A Segunda Turma do Supremo Tribunal Federal (STF) decidiu nesta sexta-feira (15) manter a decisão do ministro Dias Toffoli que anulou os processos abertos contra o ex-ministro Antonio Palocci na Operação Lava Jato.
Durante julgamento virtual, o colegiado negou recurso apresentado pela Procuradoria-Geral da República (PGR) para derrubar a decisão do ministro.
Em março deste ano, o ministro atendeu ao pedido de anulação feito pelos advogados de Palocci e aplicou os precedentes da Corte que consideraram o ex-juiz Sergio Moro parcial para proferir as sentenças contra os réus das investigações. Moro era o juiz titular da 13ª Vara Federal em Curitiba.
Com a decisão, a anulação abrange todos os procedimentos com assinatura de Moro contra Palocci. Apesar da anulação, mantém-se o acordo de delação que Palocci assinou. Em um dos processos, ele recebeu a condenação a 12 anos de prisão.

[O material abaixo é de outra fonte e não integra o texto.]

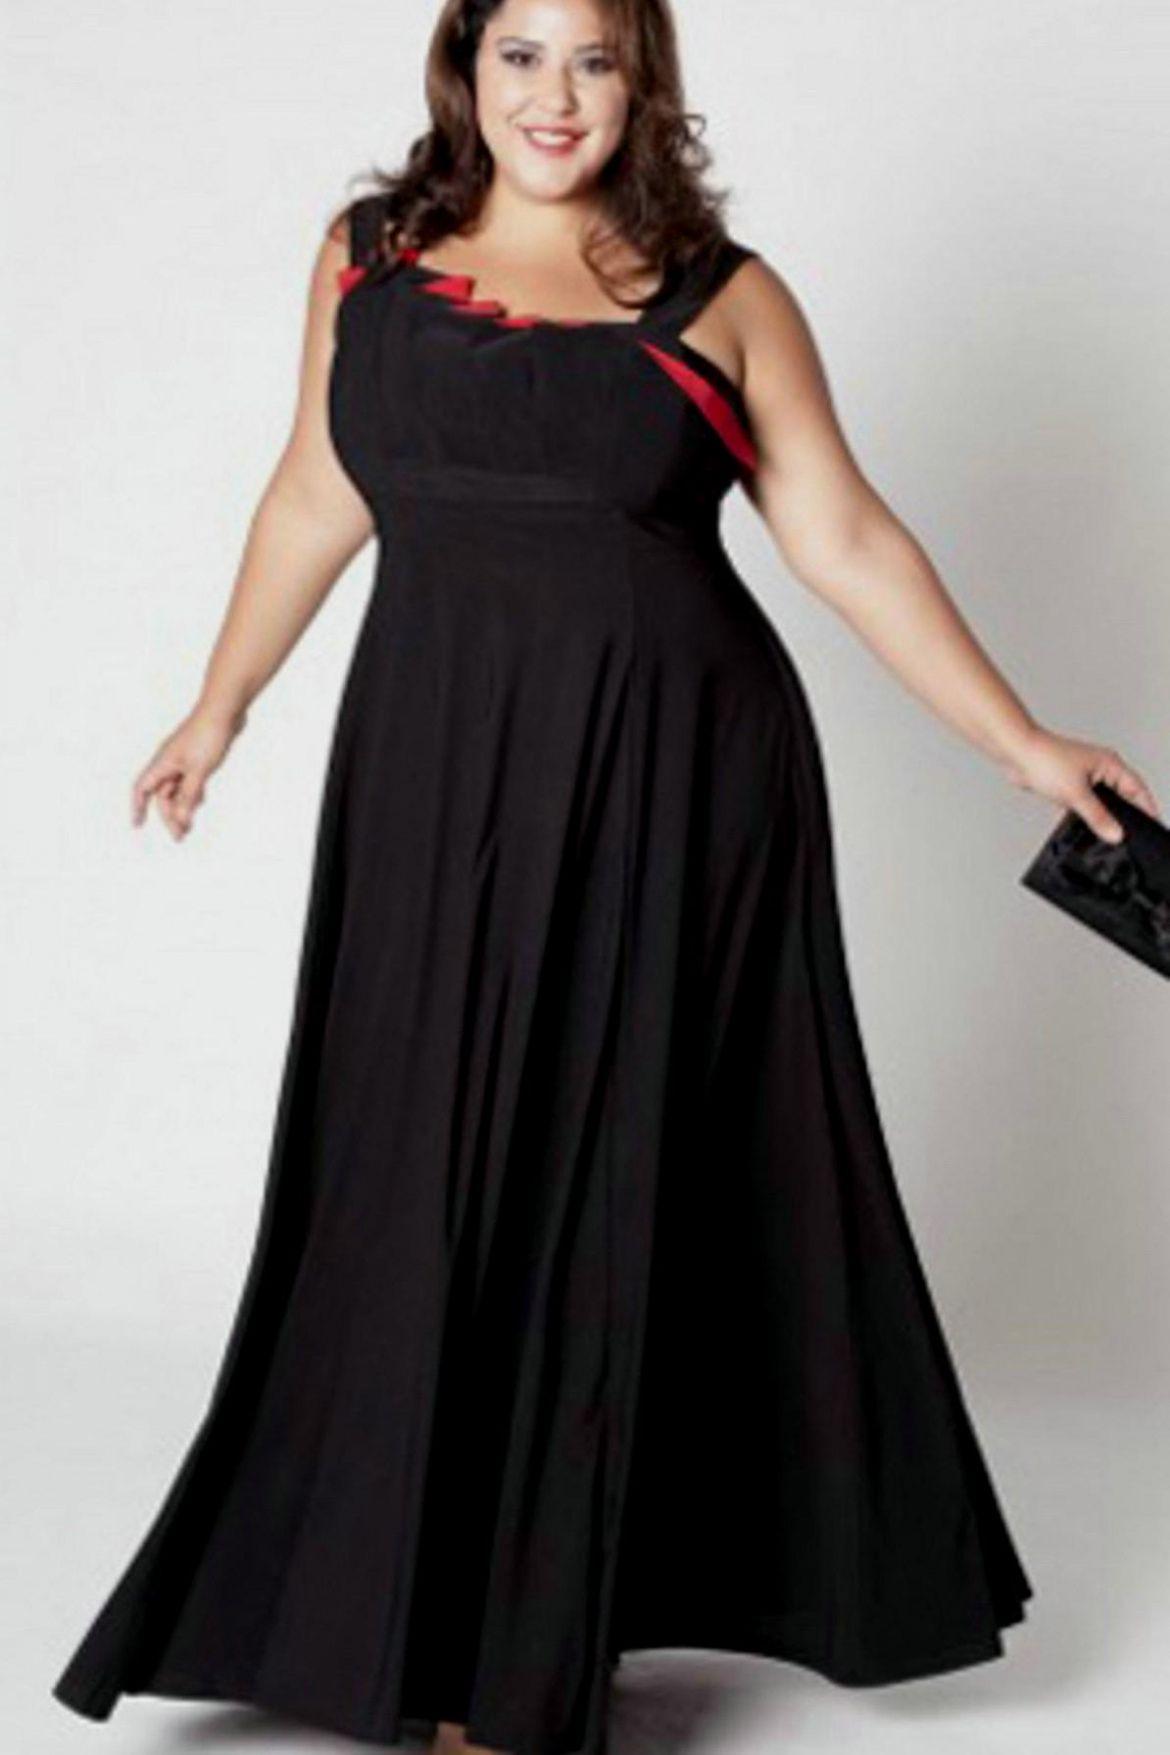 20+ Black Plus Size Wedding Dresses - Dresses for Wedding Reception ...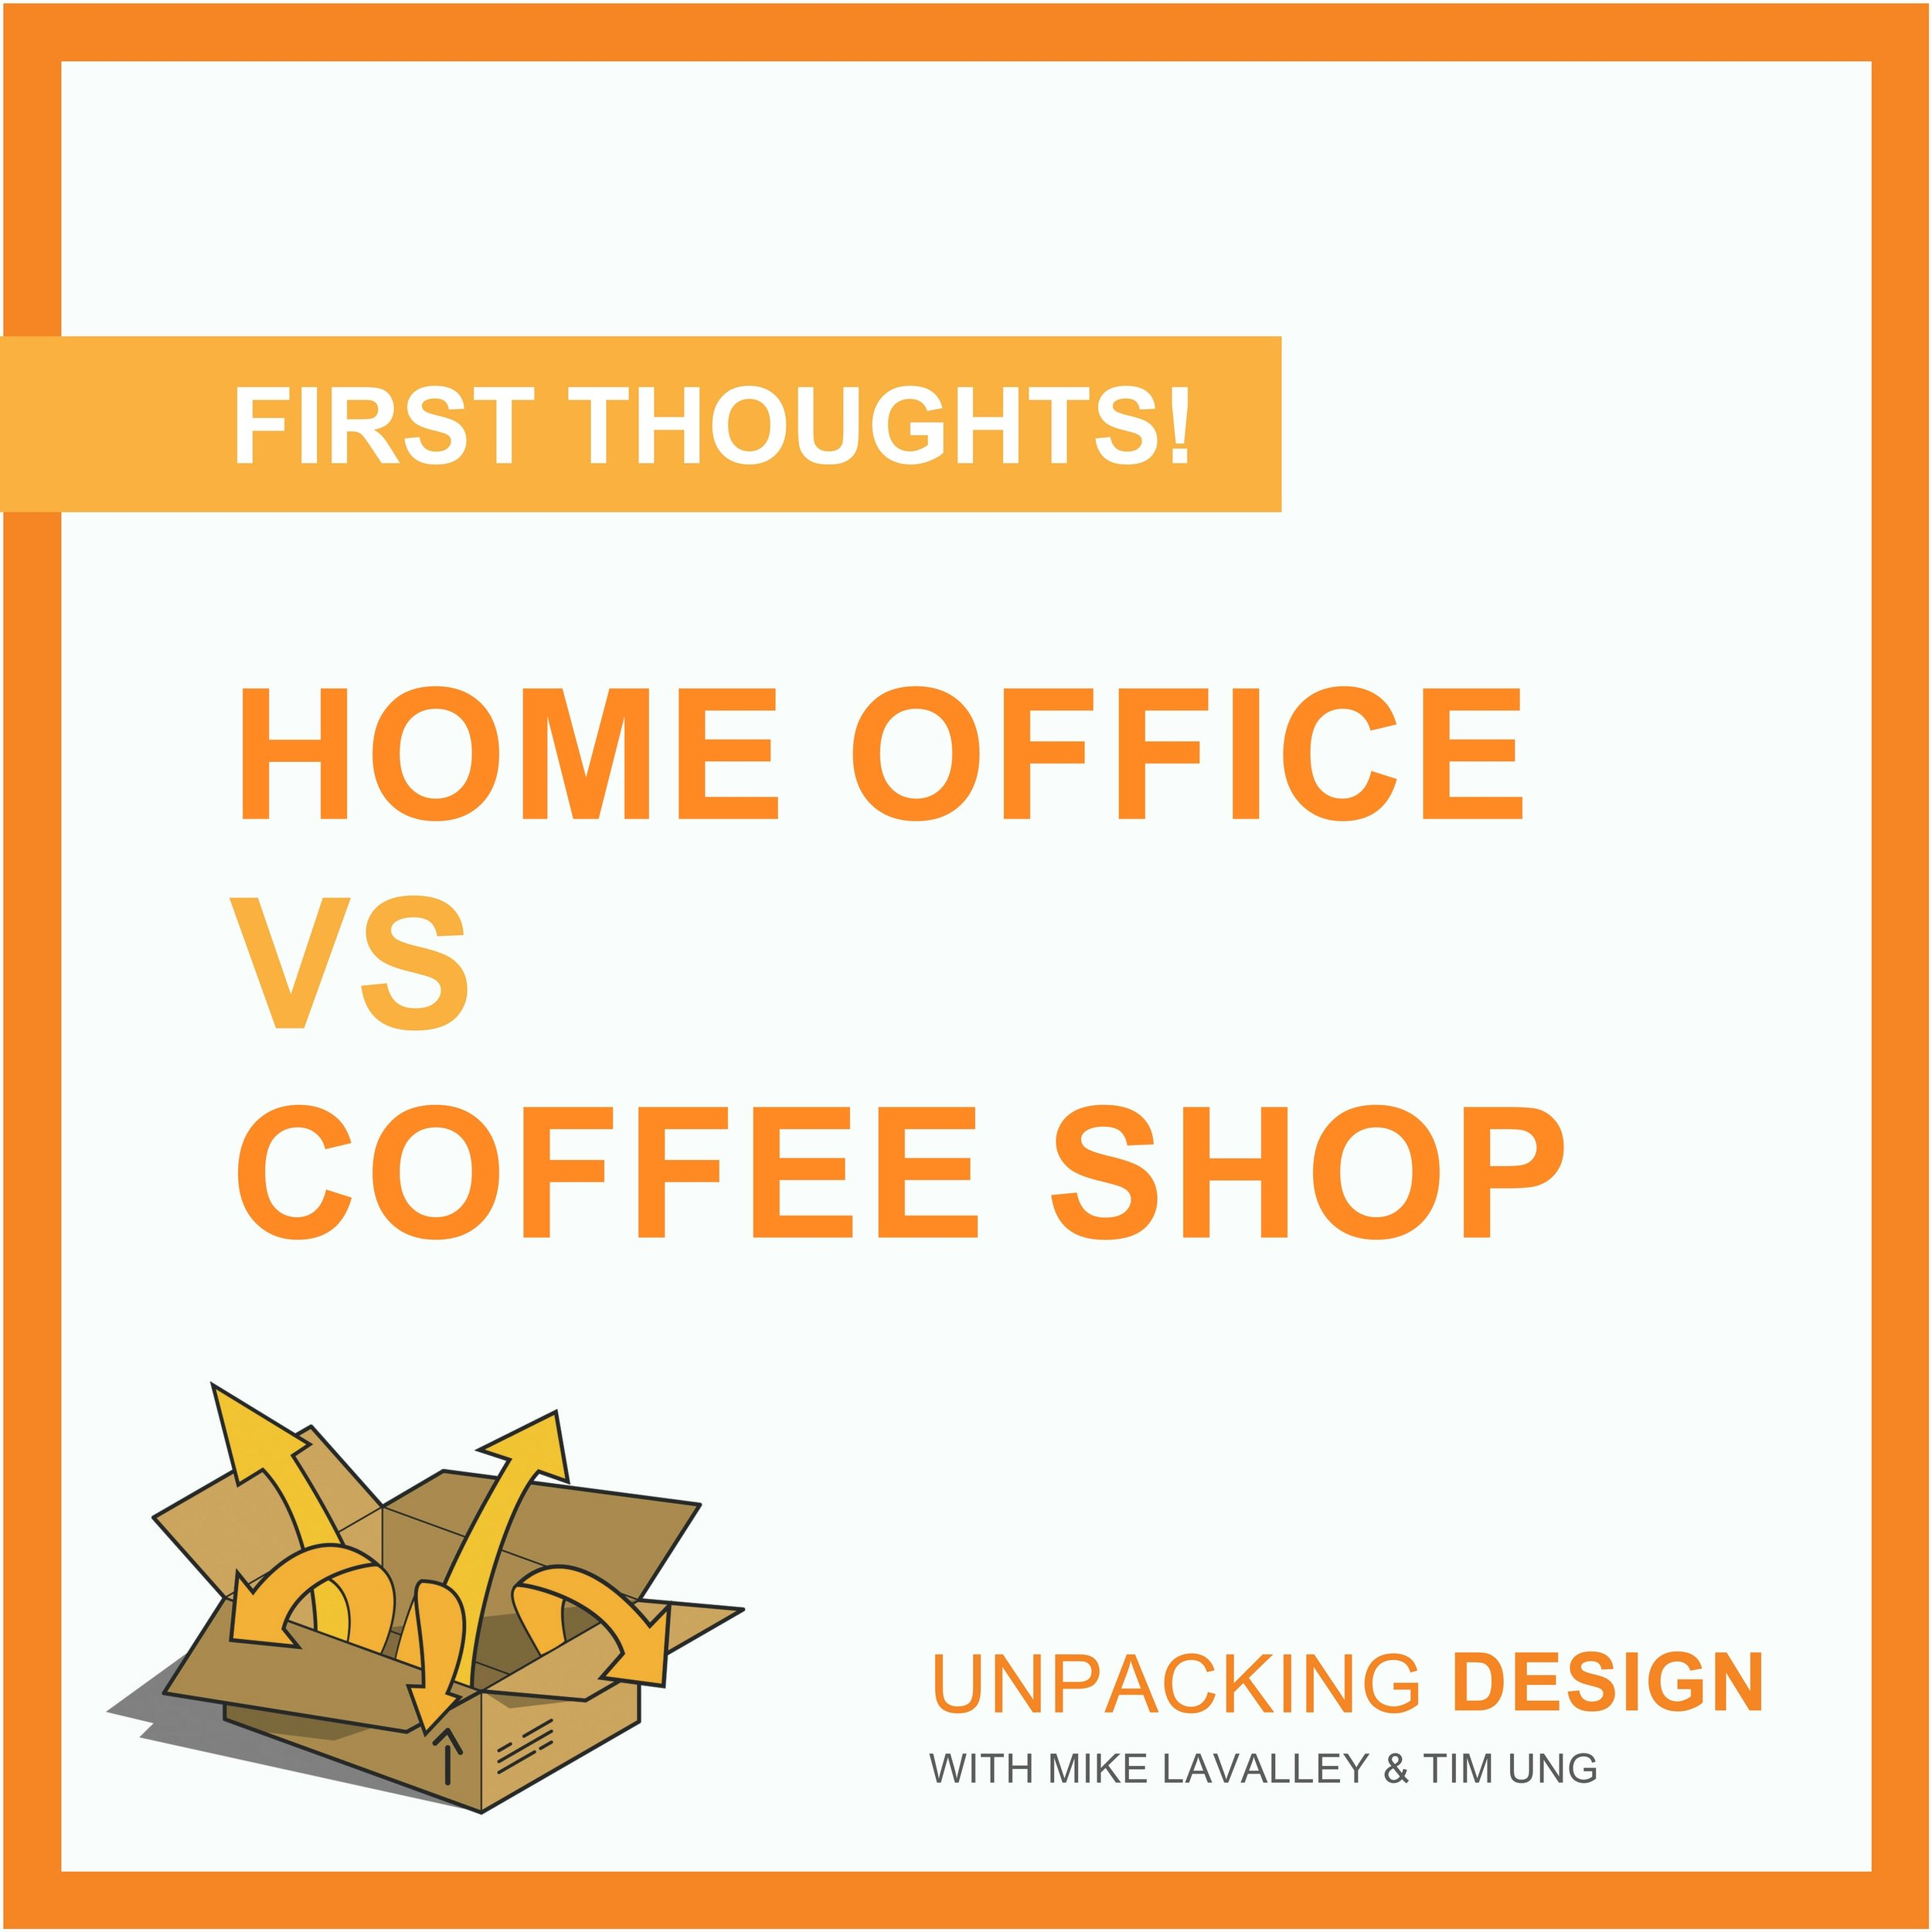 FT - Episode 05 - Home Office vs Coffee Shop.jpg

No recurso, a PGR disse que Palocci assinou acordo de delação premiada no qual denunciou “esquemas ilícitos” envolvendo agentes públicos e empresários sob a mira investigativa da Lava Jato. Dessa forma, segundo o procurador-geral, Paulo Gonet, não há prejuízos à defesa que justifiquem a anulação dos processos contra o ex-ministro.
Apesar dos argumentos da procuradoria, a turma rejeitou o recurso. Por 3 votos a 2, a Segunda Turma seguiu voto de Toffoli. O ministro entendeu que a assinatura de delação não tem o condão de convalidar nulidades. Os ministros Gilmar Mendes e Nunes Marques seguiram o voto de Toffoli, já André Mendonça e Edson Fachin ficaram vencidos.
Com informações da Agência Brasil.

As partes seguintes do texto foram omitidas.